Re: Nutch Crawl Question

Ian Holsman Tue, 17 Apr 2007 19:39:28 -0700

I'll try

First.. I don't use 'crawl' I do it the long winded way i find itworks better.from what I can guess, I'm thinking you haven't modified the regex-urlfilter.txt file to allow yahoo to be crawled.

you would need to add
+^http://([a-z0-9]*\.)*yahoo.com/

the easiest documentation on how to get all this working isdocumented here: http://blog.foofactory.fi/2007/02/online-indexing-integrating-nutch-with.html


page down to the section 'setting up nutch'
and follow the 4 step process documented there.

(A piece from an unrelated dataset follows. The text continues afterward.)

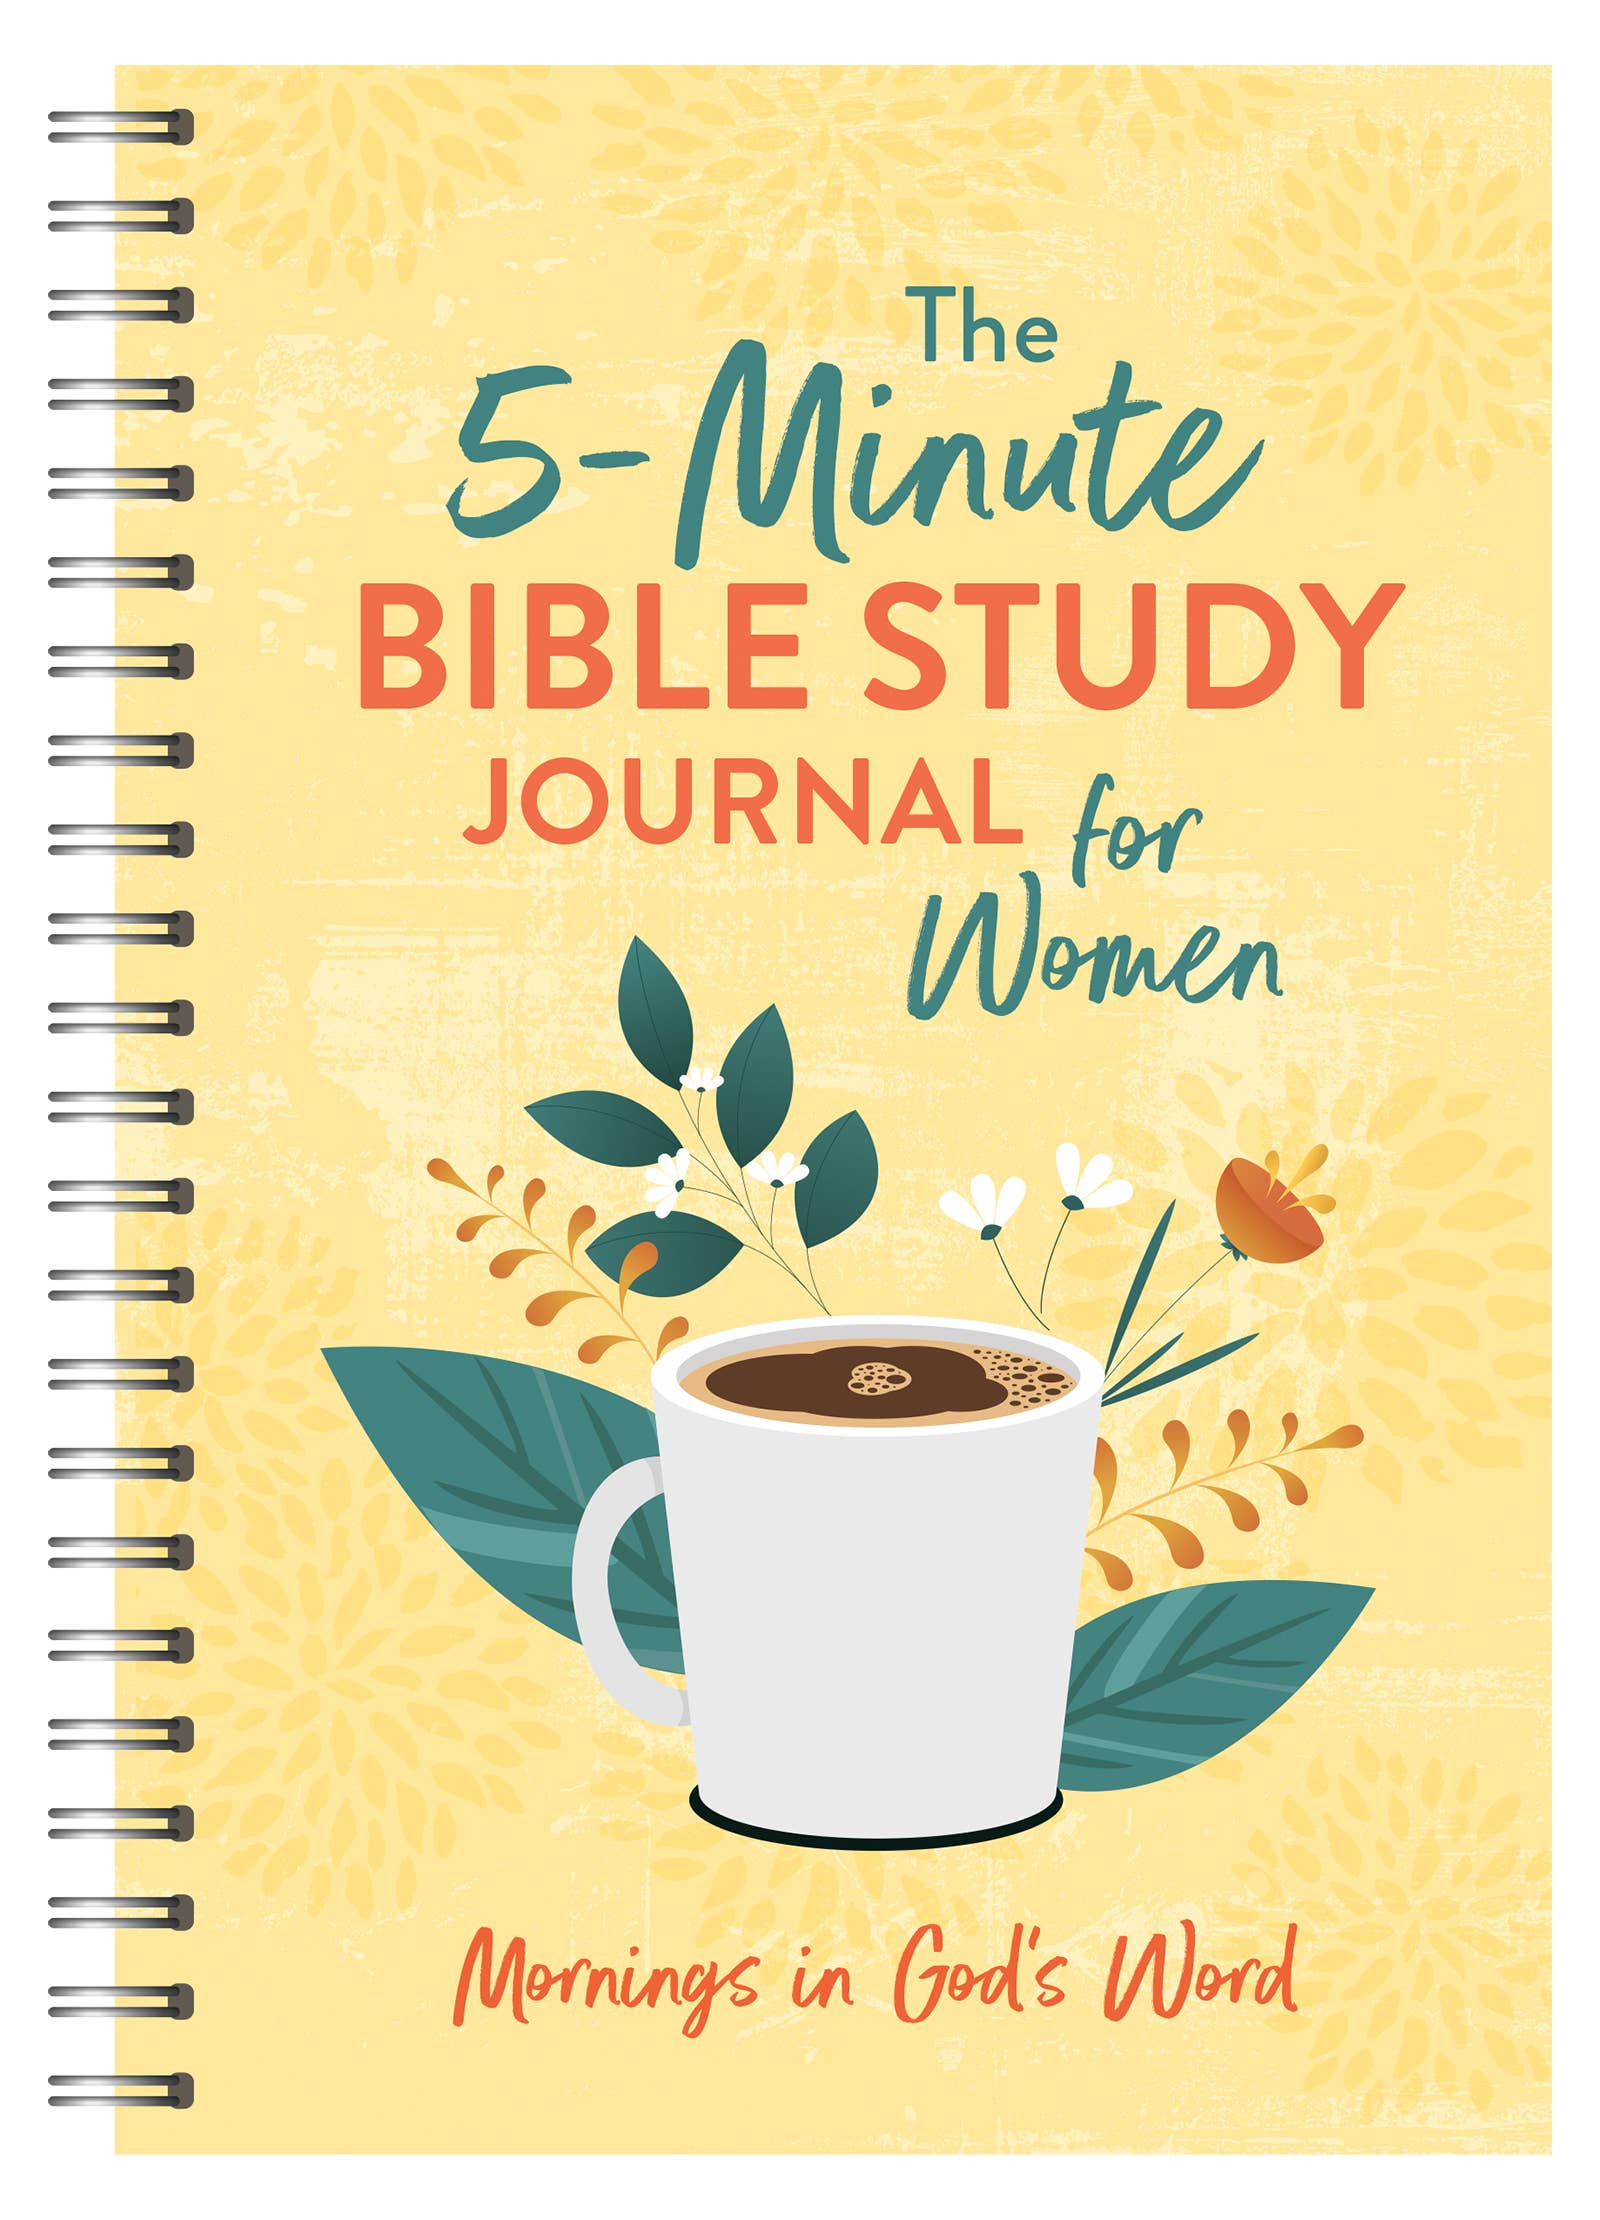 The 5-Minute Bible Study Journal for Women

just change the last nutch from:

bin/nutch org.apache.nutch.indexer.SolrIndexer $BASEDIR/crawldb$BASEDIR/linkdb $SEGMENT


to
bin/nutch index $BASEDIR/crawldb $BASEDIR/linkdb $SEGMENT

and it should do all the right things.


regards
Ian
(ps... I'm no expert, just 1-2 steps ahead of where you are)

On 18/04/2007, at 12:12 PM, Meryl Silverburgh wrote:

Ian,

can you please help me with my problem too?

i am trying to setup nutch 0.9 to crawl www.yahoo.com.
I am using this command "bin/nutch crawl urls -dir crawl -depth 3".

But after the command, no links have been fetch.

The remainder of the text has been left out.